I’m not using anything fancy in terms of linters, by the way — just flake8
integrated into my editor. If you want to go further and add type hints and use
mypy or pyre etc., you will find it very easy to do
with the approach I’ve outlined above, and make it possible to automatically
verify even more things.
On the other hand, if your CBV self
object is a rag-bag of stuff, as above,
it will be very hard for even the most advanced tools to help you.
pylint gets further than flake8 in
trying to detect typos in instance variables, and does a pretty good job.
However it cannot detect the ordering issue mentioned, and it also complains
about us setting instance variables outside of __init__
(W0201
attribute-defined-outside-init
) — a complaint which has some solid reasons,
and is essentially recommending that you don’t structure your code like this. If
you follow its recommendations you’ll (eventually) get yourself to the FBV.

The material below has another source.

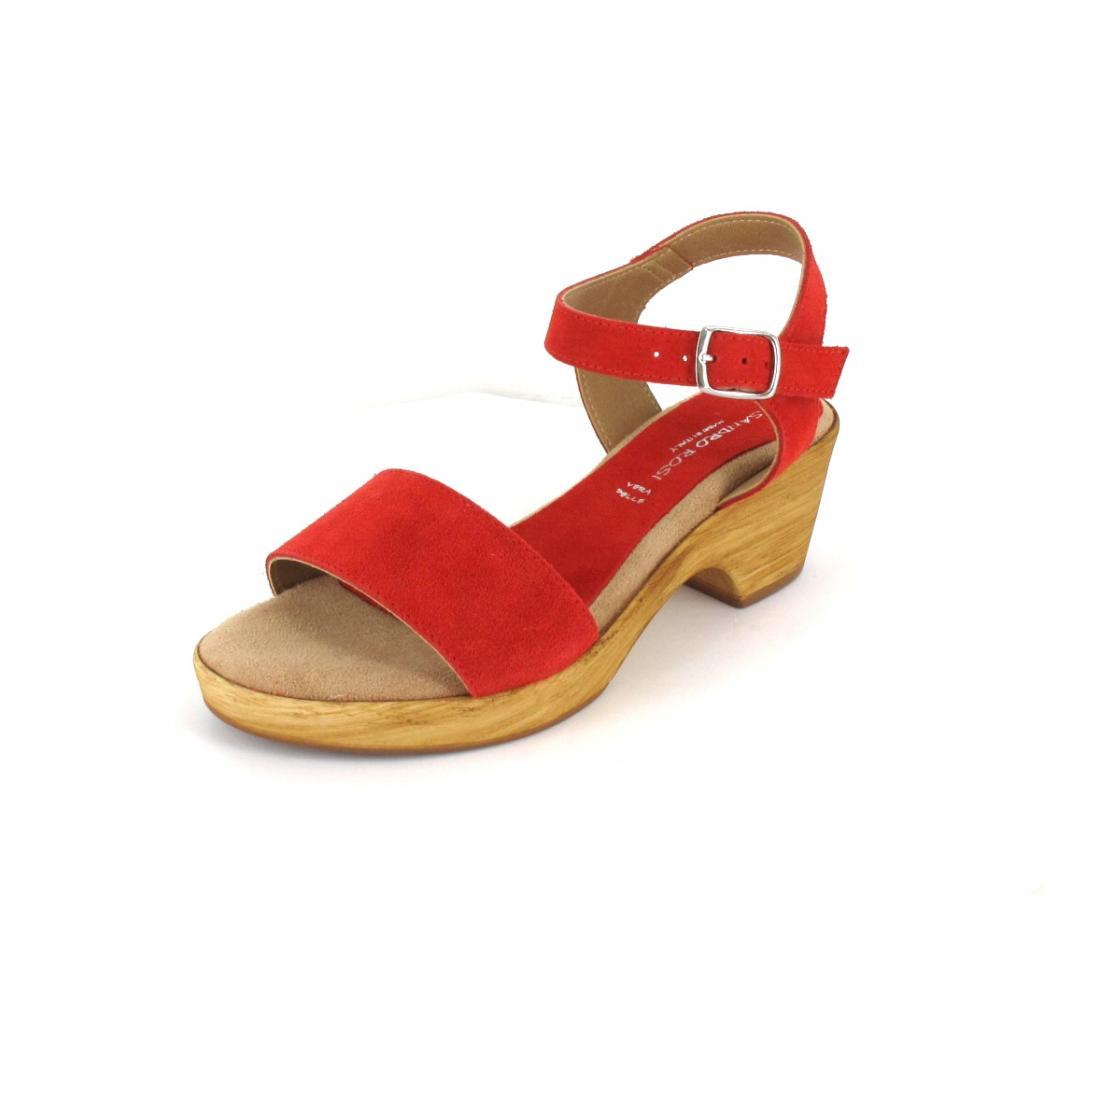 Sandy Shoes Sandale crosta scamosciata rossa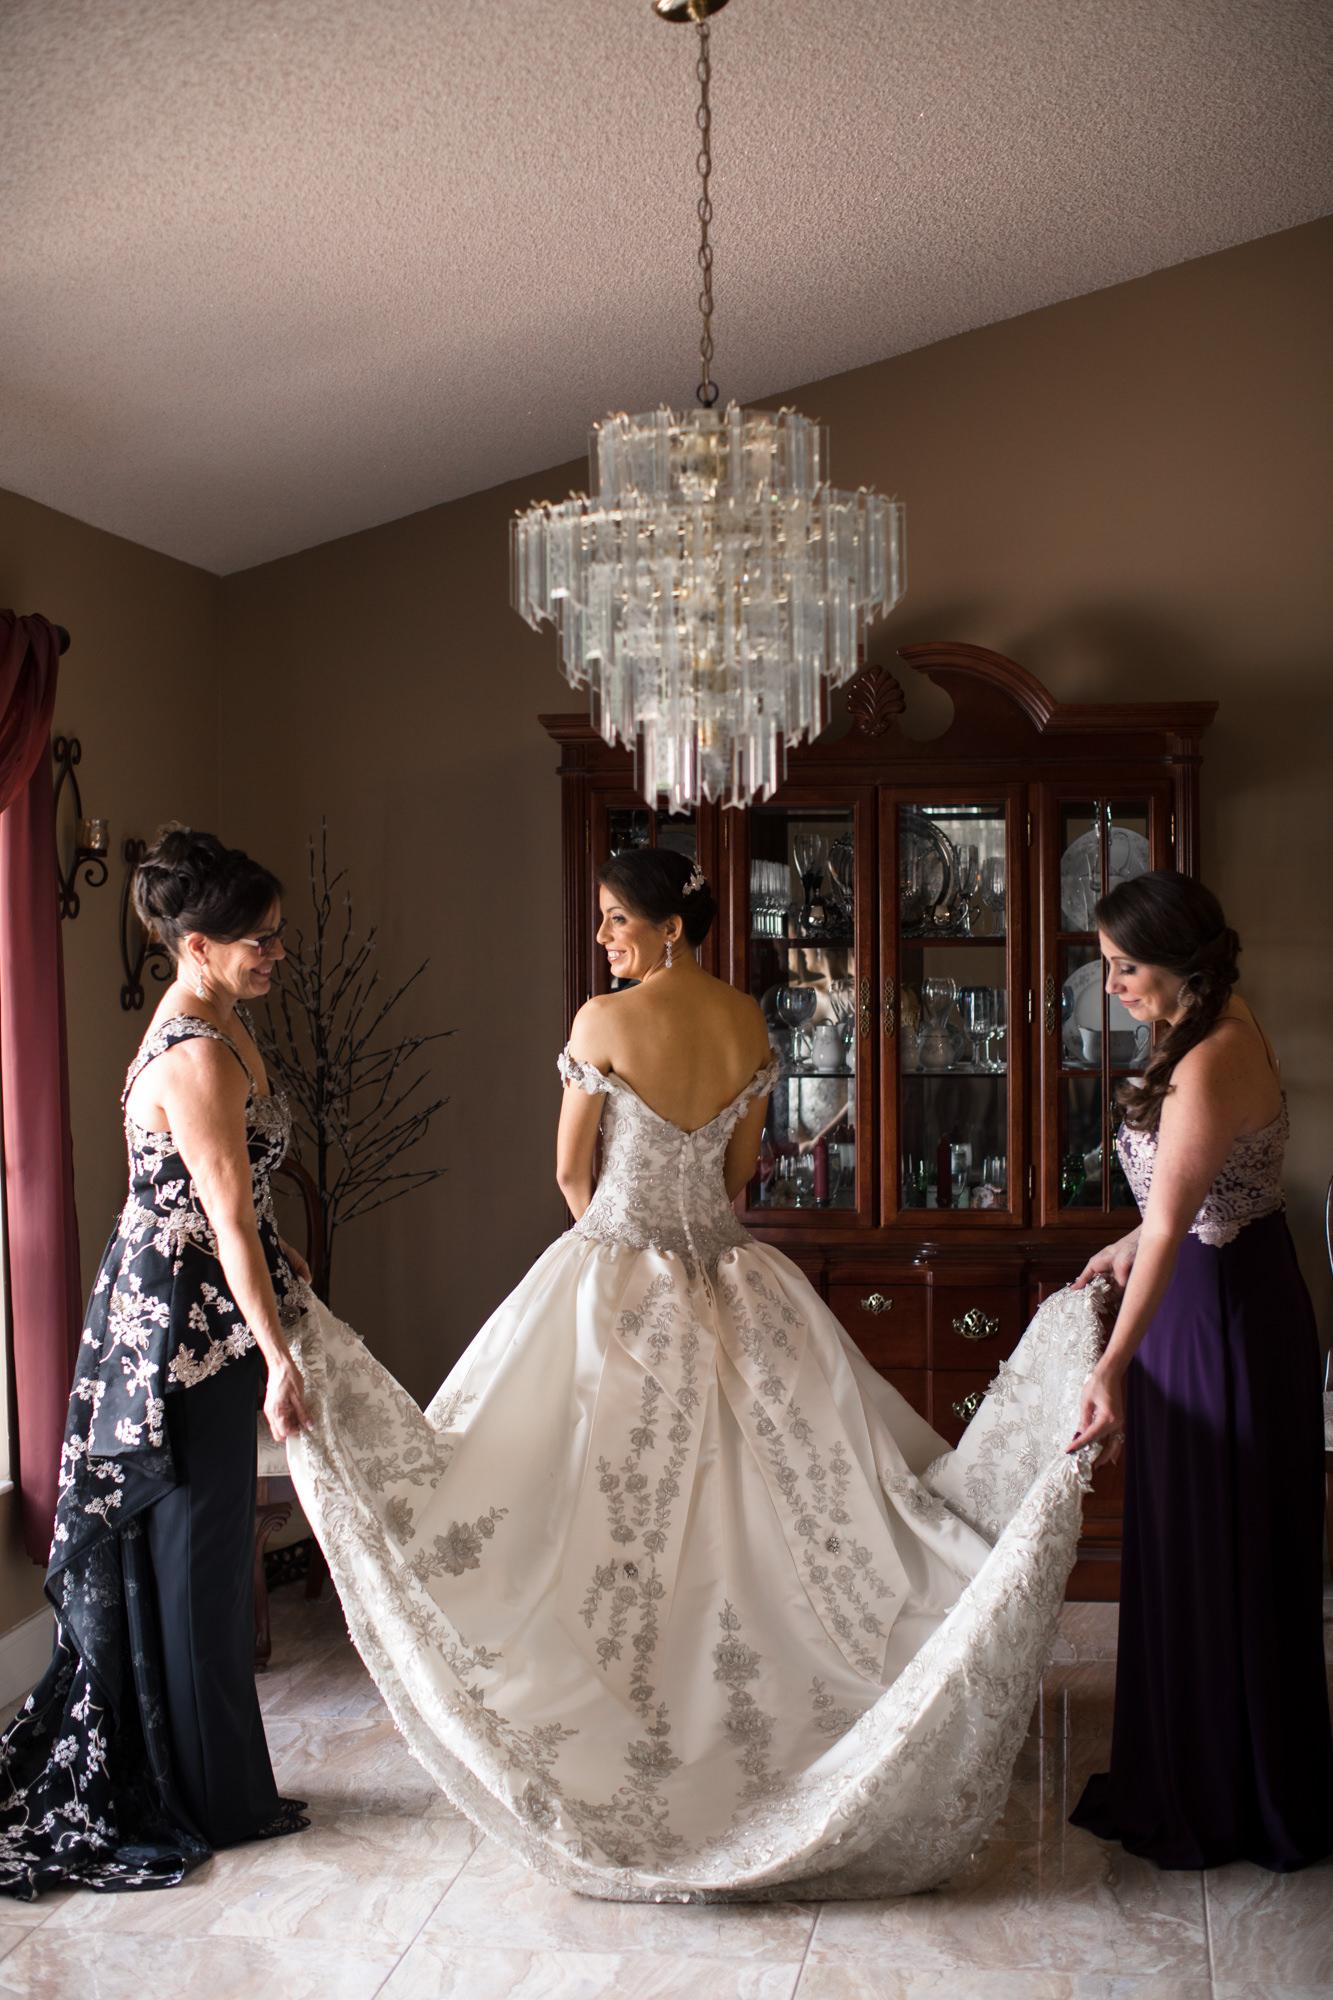 Benvenuto_Wedding_catholic_Florida_Bride-Groom-11.jpg

When I had finished this refactoring, which in the end completely removed my
custom CBV base class, I confess I had a little twinge of sadness — my final
code seemed just a little bit… plain. I now had just a bunch of simple
functions and a few closures, and fewer OOP hierarchies and clever tricks to
feel smug about. Misplaced sadness! If you are into smugness-driven development,
nothing can beat the feeling you get when you come back to some code 3 months or
3 years later and find it’s so straightforward to work with that, after doing
git praise
, you feel the need to give yourself a little hug.